# Solar panels for well pump



## Guap0_ (Dec 2, 2017)

My guess is that solar could be a supplement. I doubt that it could carry the entire load.


----------



## joed (Mar 13, 2005)

If you can run a whole house on solar there has to be a solution to run a well pump. It most likely involves a battery bank and inverter to run the pump and solar to keep the batteries charged.


----------



## SPS-1 (Oct 21, 2008)

30 amps equals about 3600 watts equals about half the size of a typical home installation. But, as you pointed out, unlikely your pump uses all that (one horsepower equals 746 Watts).


But if you want the pump to run anytime (day or night, rain or shine), you need a battery storage system too. That drives up the cost. More commonly, a house (or whatever) is hooked up to both the solar panels, and the grid. If its sunny you are running off the solar, and probably feeding back some electricity to the grid and getting paid for it. If its raining or night, you are running off the grid.


----------



## Oso954 (Jun 23, 2012)

> 30 amps equals about 3600 watts equals about half the size of a typical home installation. But, as you pointed out, unlikely your pump uses all that (one horsepower equals 746 Watts).


For a deepwell pump the 30 amps would be @ 240v which is 7200w. Most of that is for starting current. It takes a lot of grunt to start a pump that is working against a 300ft lift. 

The 746W is mechanical watts of the output shaft, not the electrical load or wattage needed to run the pump. 
Try looking up the electrical requirements for a real deep well pump. The last one I worked on was 2 hp drawing 12 running amps @ 240v.


----------



## SeniorSitizen (Sep 10, 2012)

Solar well pumps have been around for awhile. No details on this one at this time. It keeps water supplied for cattle on a nearby ranch.


----------



## Oso954 (Jun 23, 2012)

Richard, why are you asking about solar for the well pump ?

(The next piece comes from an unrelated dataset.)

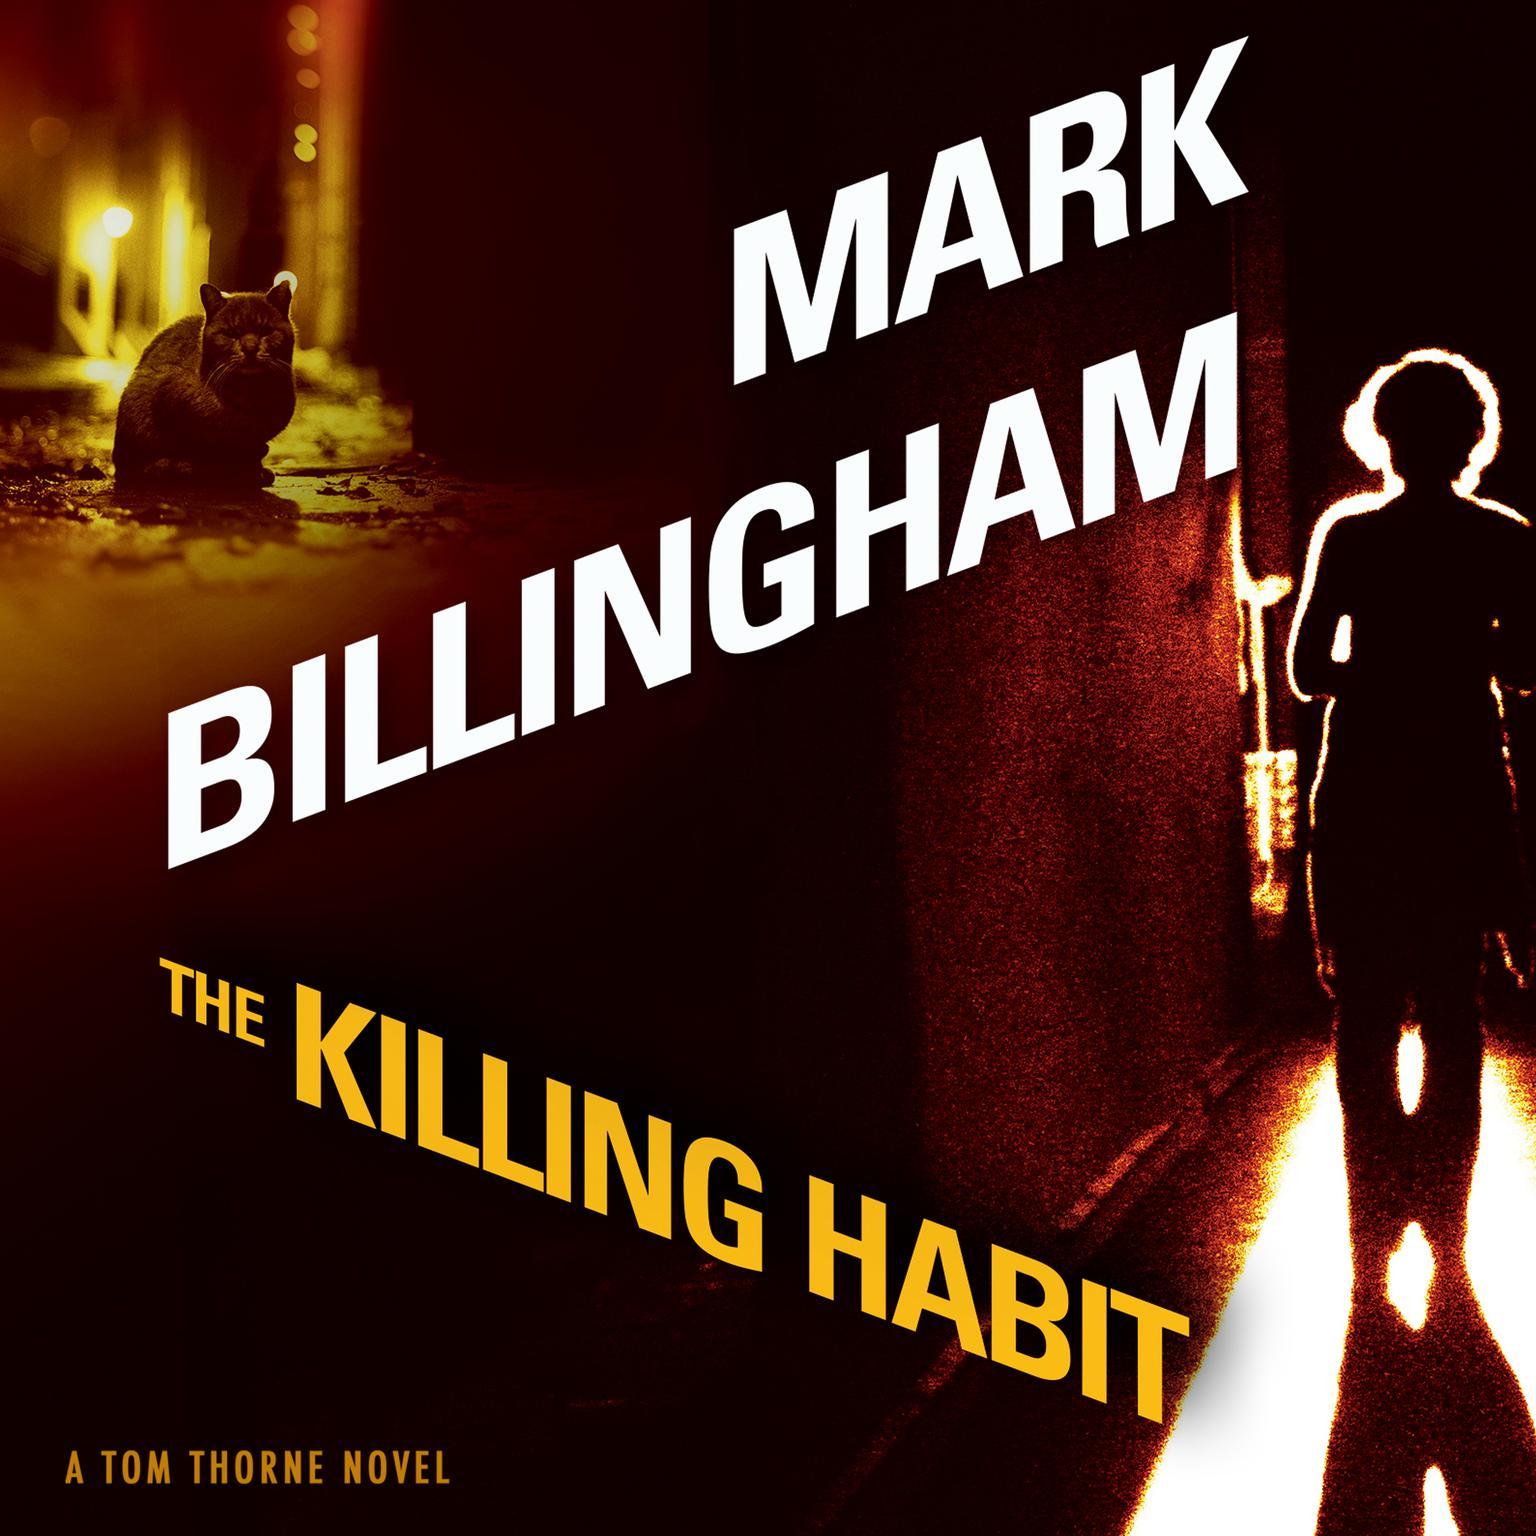 The Killing Habit Audiobook, by Mark Billingham

Solar well pumps don’t work well with a residence or other uses that have water demands at night. Solar only works during the day. So you end up storing water or storing electricity. Both have substantial capital costs associated with them.

Under a lot of utility solar agreements, you are far better off to just look at your total electric usage or bill. Figure out how much you want to reduce it by. Then size your solar system accordingly.


----------